Jim: Here’s the issue: If you’re going to pursue a low-odds games, the reality is that, at some point, the odds will go to zero if you don’t commit fully. You’re never going to get across the chasm in that Thelma and Louise moment if you’re basically just going to keep yourself tethered to one side. But, that doesn’t mean you’re taking an unfounded leap into the wild beyond. 

Here’s the three mistakes you can make. One: not firing enough bullets to figure out what will actually work. Two: to fire big uncalibrated cannonballs. Or three: when you do have validation, you blink and you don’t fire the cannonball. Once you have empirical validation, you’ve got to place the big bet. That’s the key.

Ryan: Empirical validation may be hard to define. How can people implement this into their daily life?

Jim: Validation is just looking at points of success and saying, “That worked and that worked and I can explain why.” You’re looking for tangible pieces of evidence. Maybe it’s feedback you get from a mentor, maybe it’s some specific things that you’ve done where you say, “Well, that worked better than I thought it would.” It doesn’t matter what arena you’re in, you can basically point to it. 

Ryan: Jim, I know we went over a lot, I really appreciate your time. Is there anything else that you wanted to cover that I may have missed?

Jim: “If I just had three minutes with young people in the world, what would I tell them?” There’s a key concept in Good to Great about first “who,” then “what.” We live in a world that’s full of “whats” right now. “What’s your vision? What’s your strategy? What’s your direction? What’s your career?” It’s all about a bunch of “what’s.”

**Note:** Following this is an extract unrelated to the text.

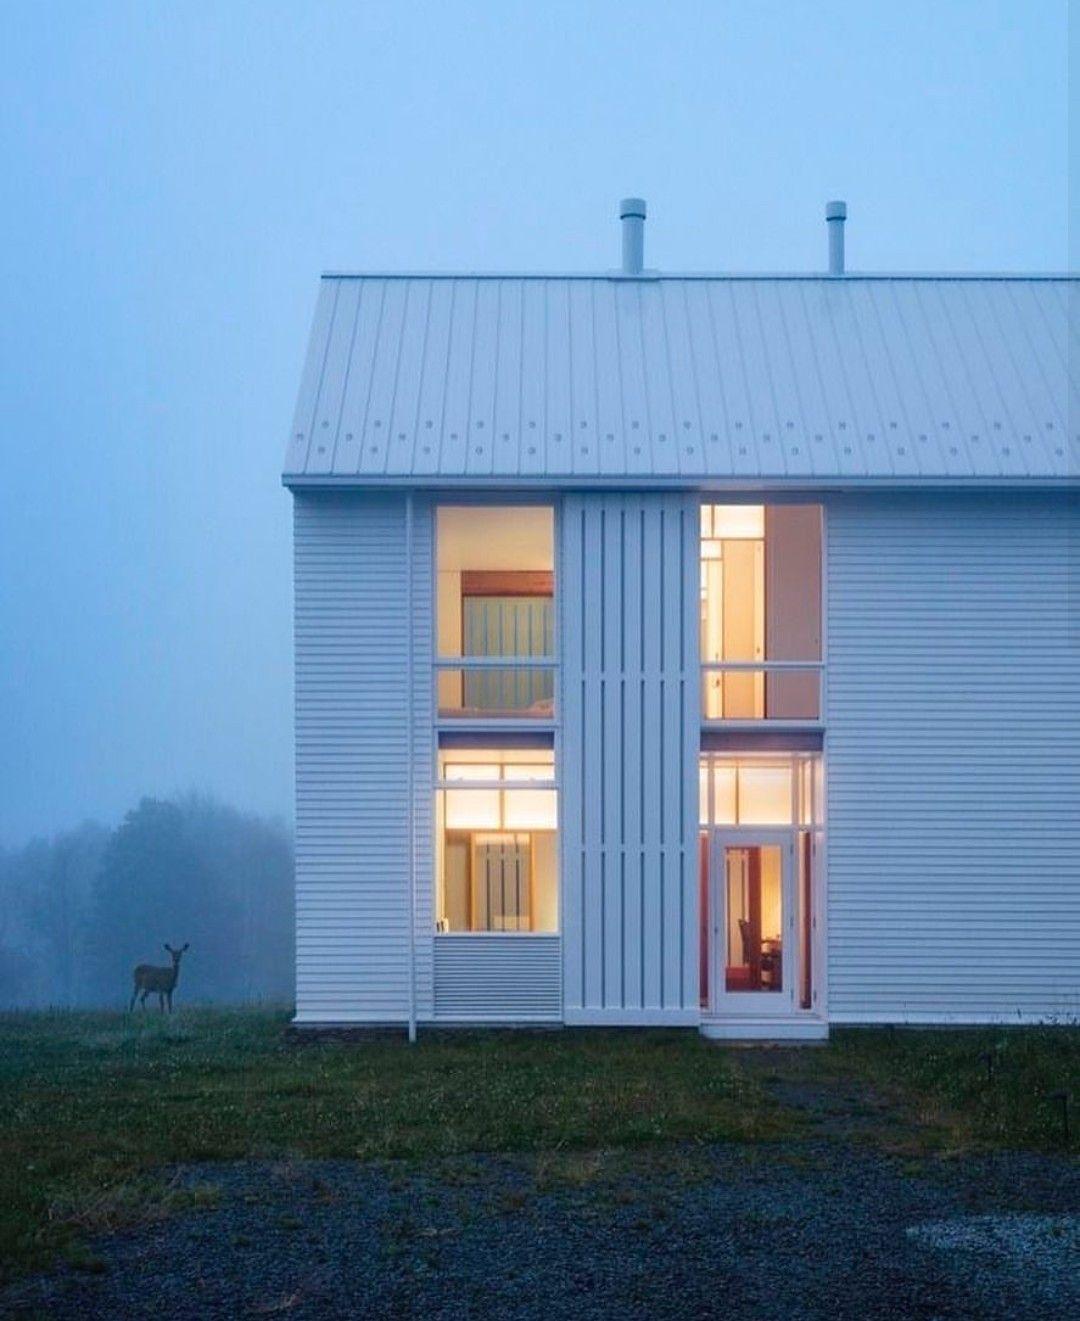 Image 9 Of 13 From Gallery Pennsylvania Farmhouse Cutler Anderson Architects Photograph By David Sundberg ESTO

The thing I come away with from all of our work is to shift as many “what’s” to “who’s as possible.” The question is not what career you’re going to have or what path you’re going to take or what company you’re going to work for. Those are important questions, but they come second. The most important question is “who?” Who are you going to allow to mentor you? Who are you going to work with? Who are you going to spend your life with? Who will you let shape you?

Take care of your people, not your career. I didn’t have to have the answers to the “what’s” if I really paid attention to finding great “who’s” that would help guide me.